ABOUT THIS TASK
The answer must consist only of the lines in the records below from the line with "Bóng đá Thái" to the line with "200 ml bottle apple & honey pulp vinegar", both included, copied word for word with every picture left out.

DATA SECTION
====================

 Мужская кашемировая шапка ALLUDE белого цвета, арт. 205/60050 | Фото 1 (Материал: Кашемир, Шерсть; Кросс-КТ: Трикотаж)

====================

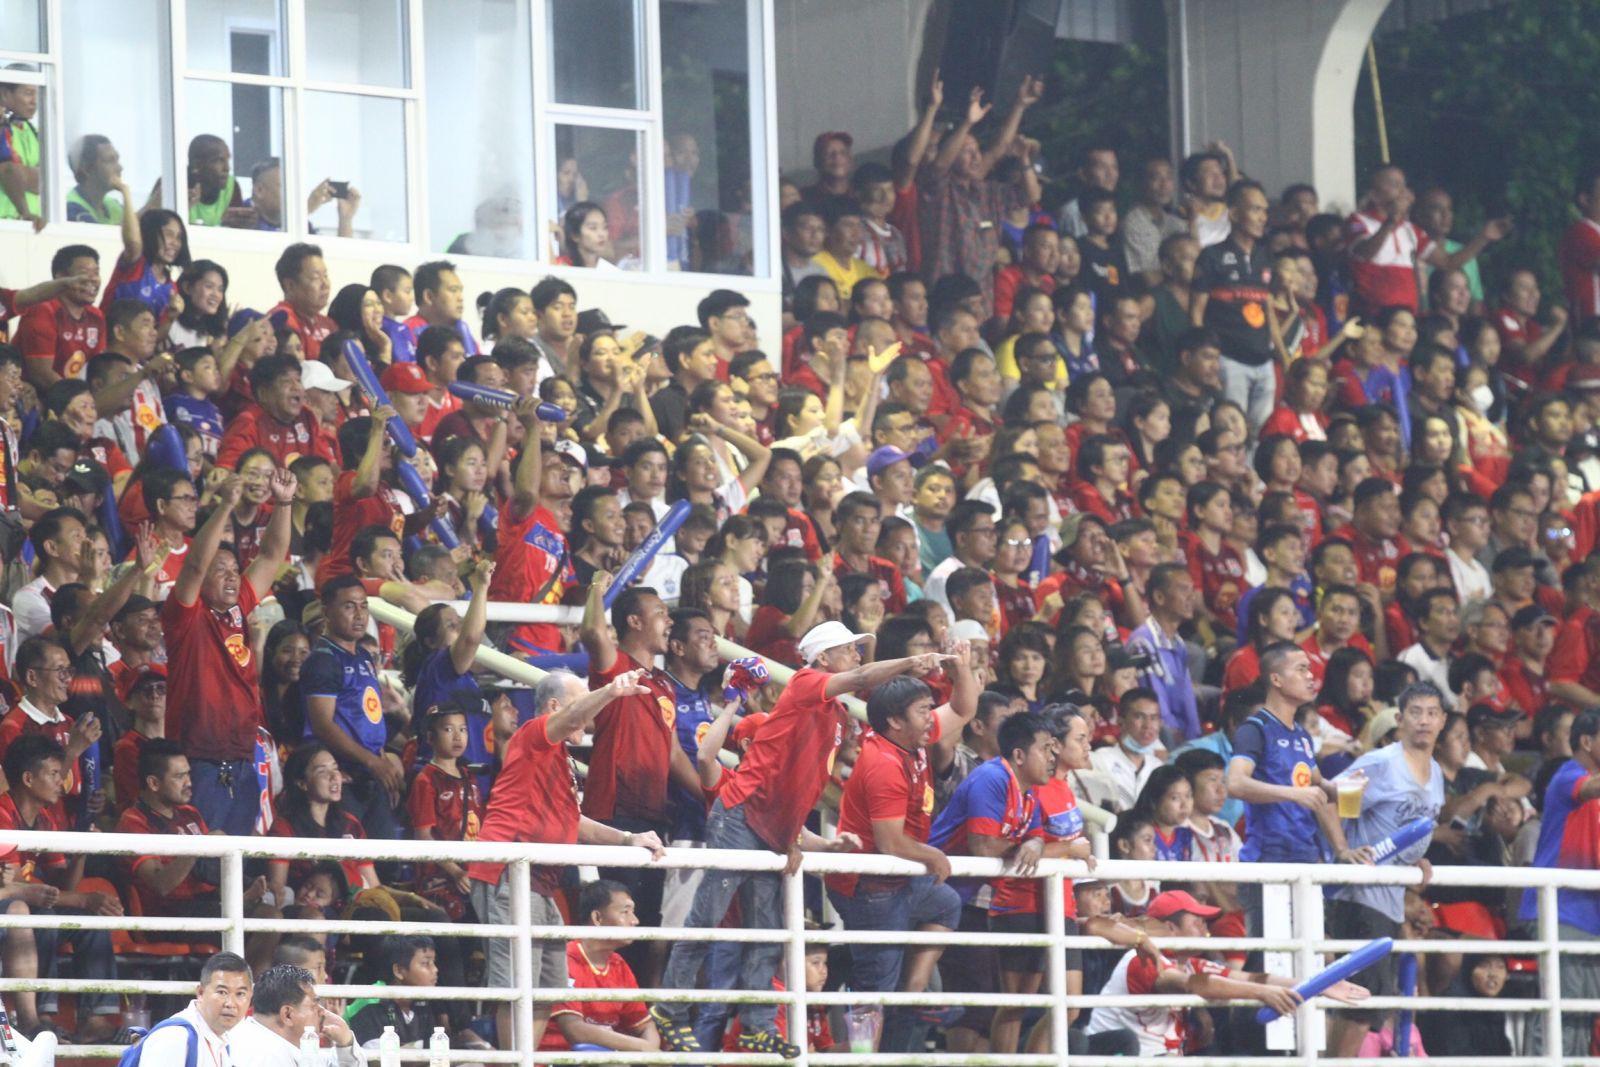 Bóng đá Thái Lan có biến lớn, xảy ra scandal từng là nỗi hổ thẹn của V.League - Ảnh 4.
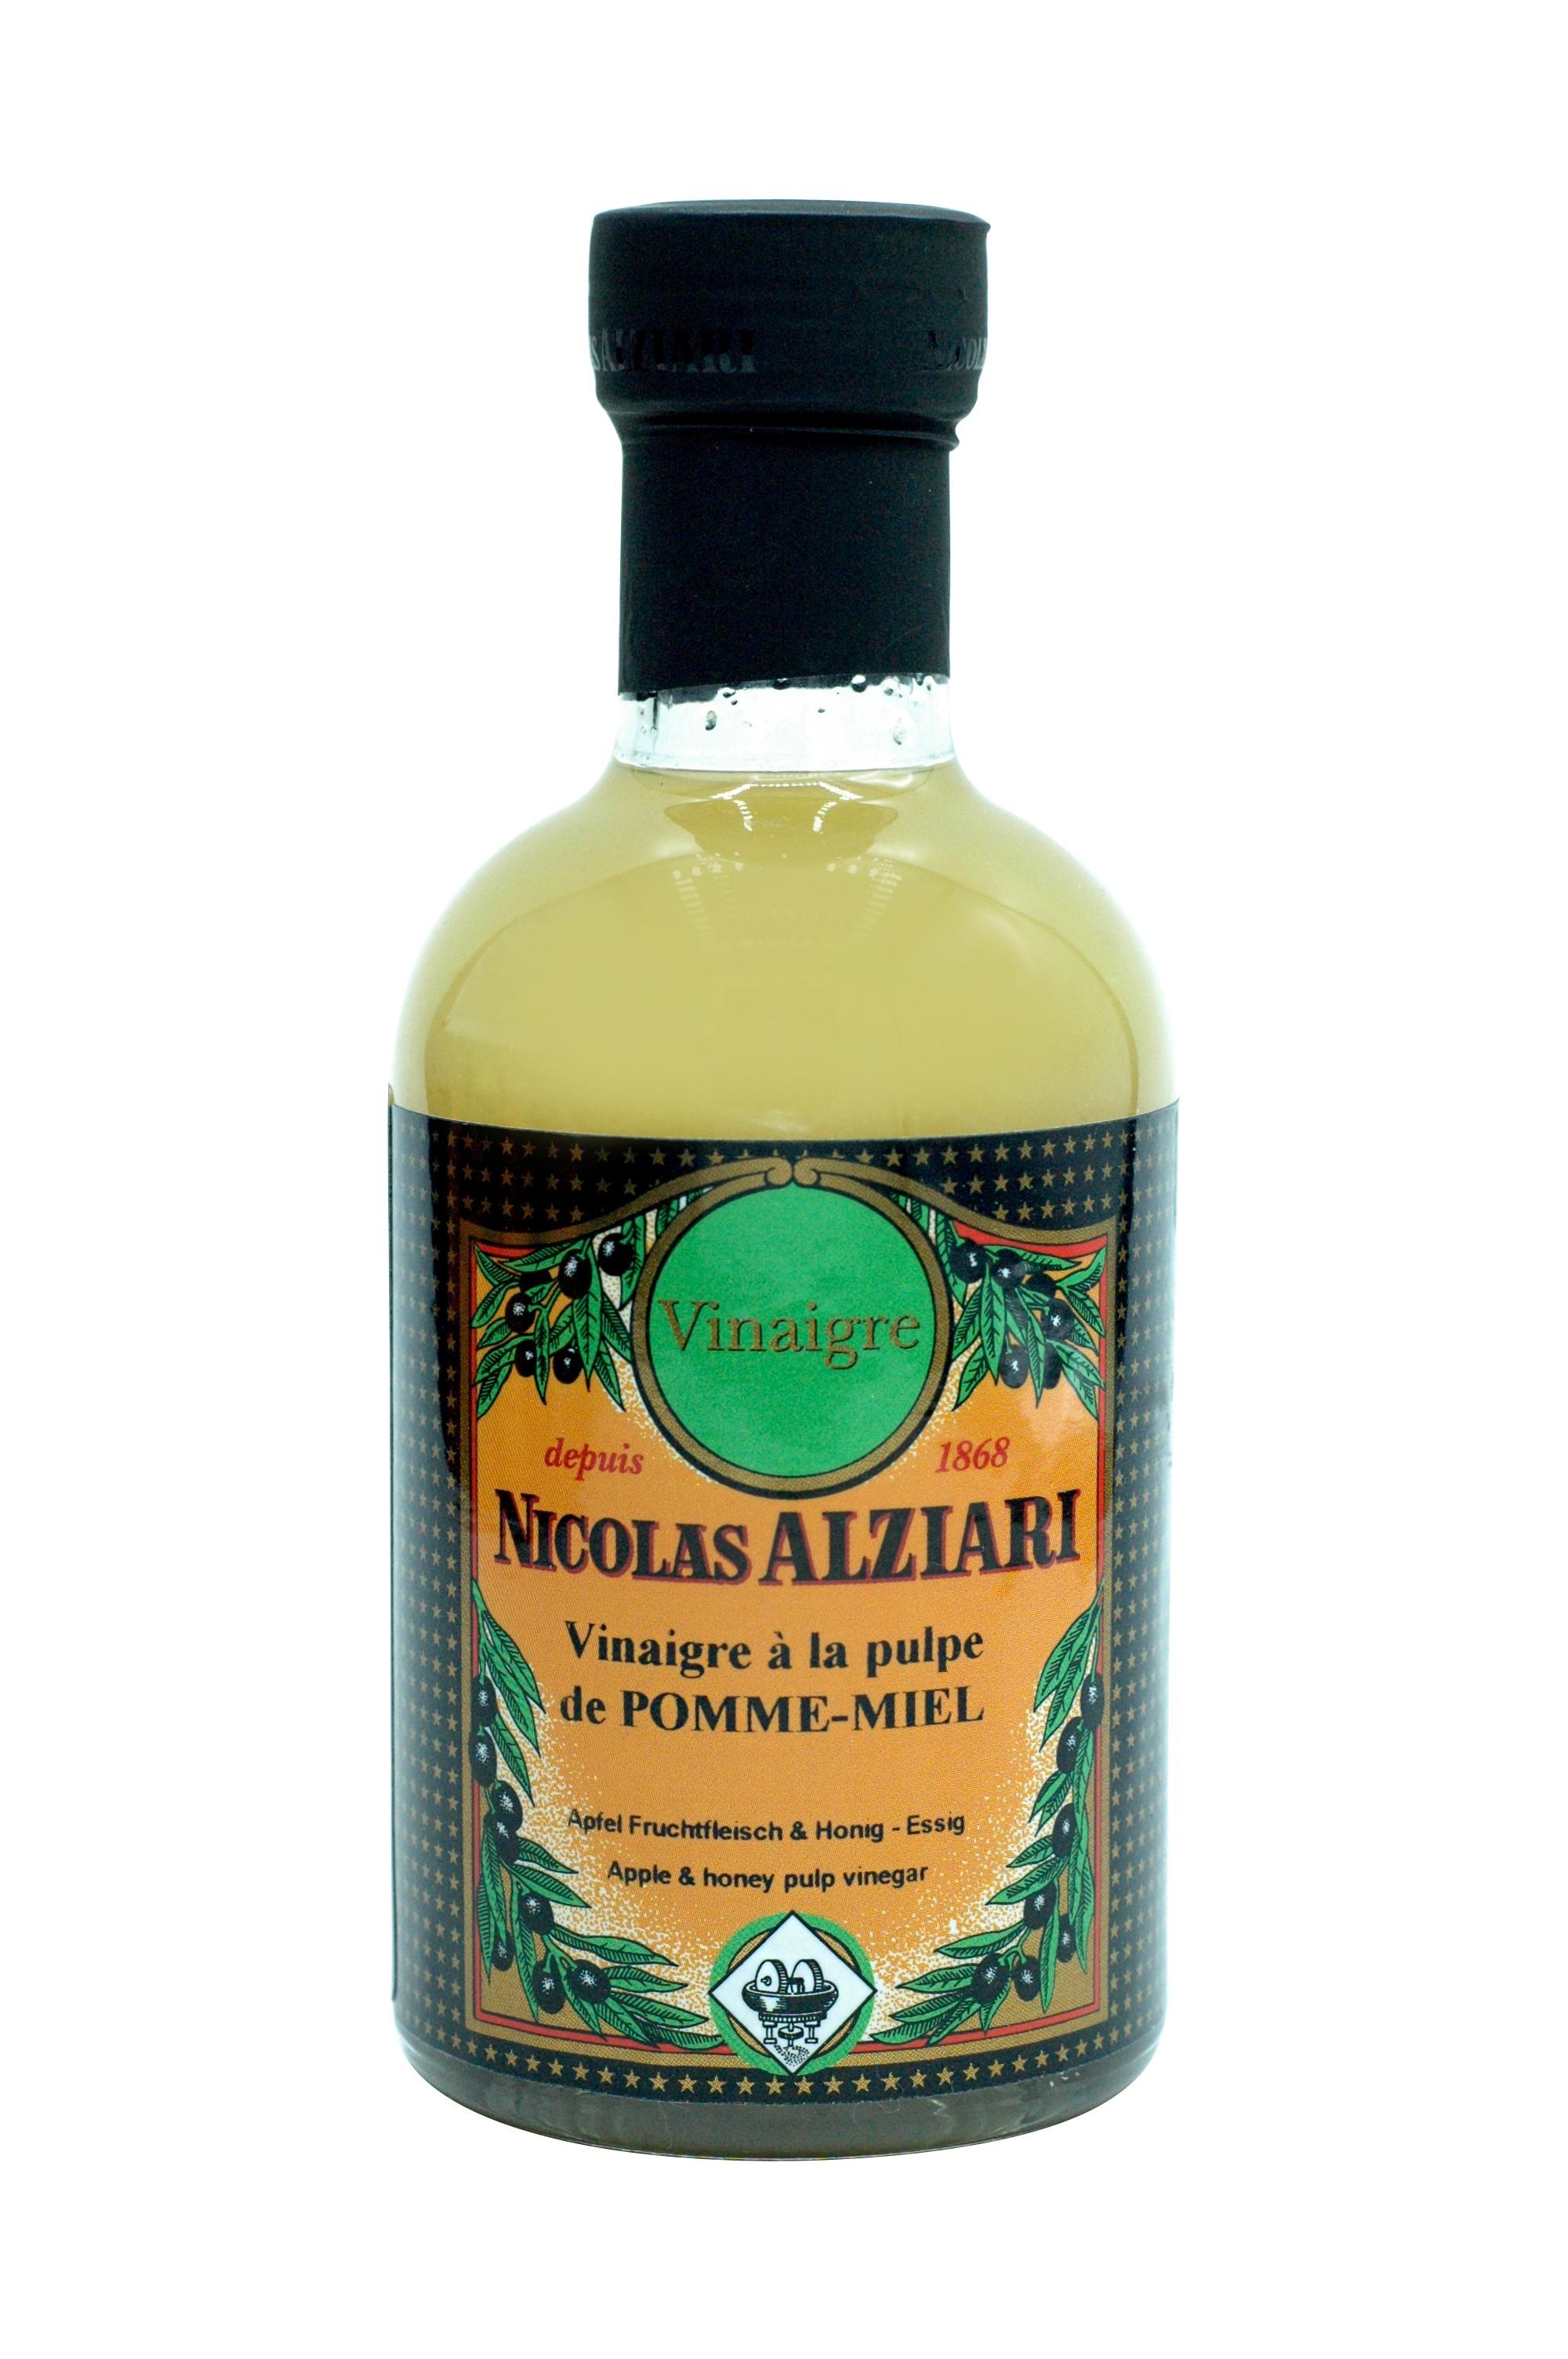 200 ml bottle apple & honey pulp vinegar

====================

FINISHED TASK
 Bóng đá Thái Lan có biến lớn, xảy ra scandal từng là nỗi hổ thẹn của V.League - Ảnh 4.
 200 ml bottle apple & honey pulp vinegar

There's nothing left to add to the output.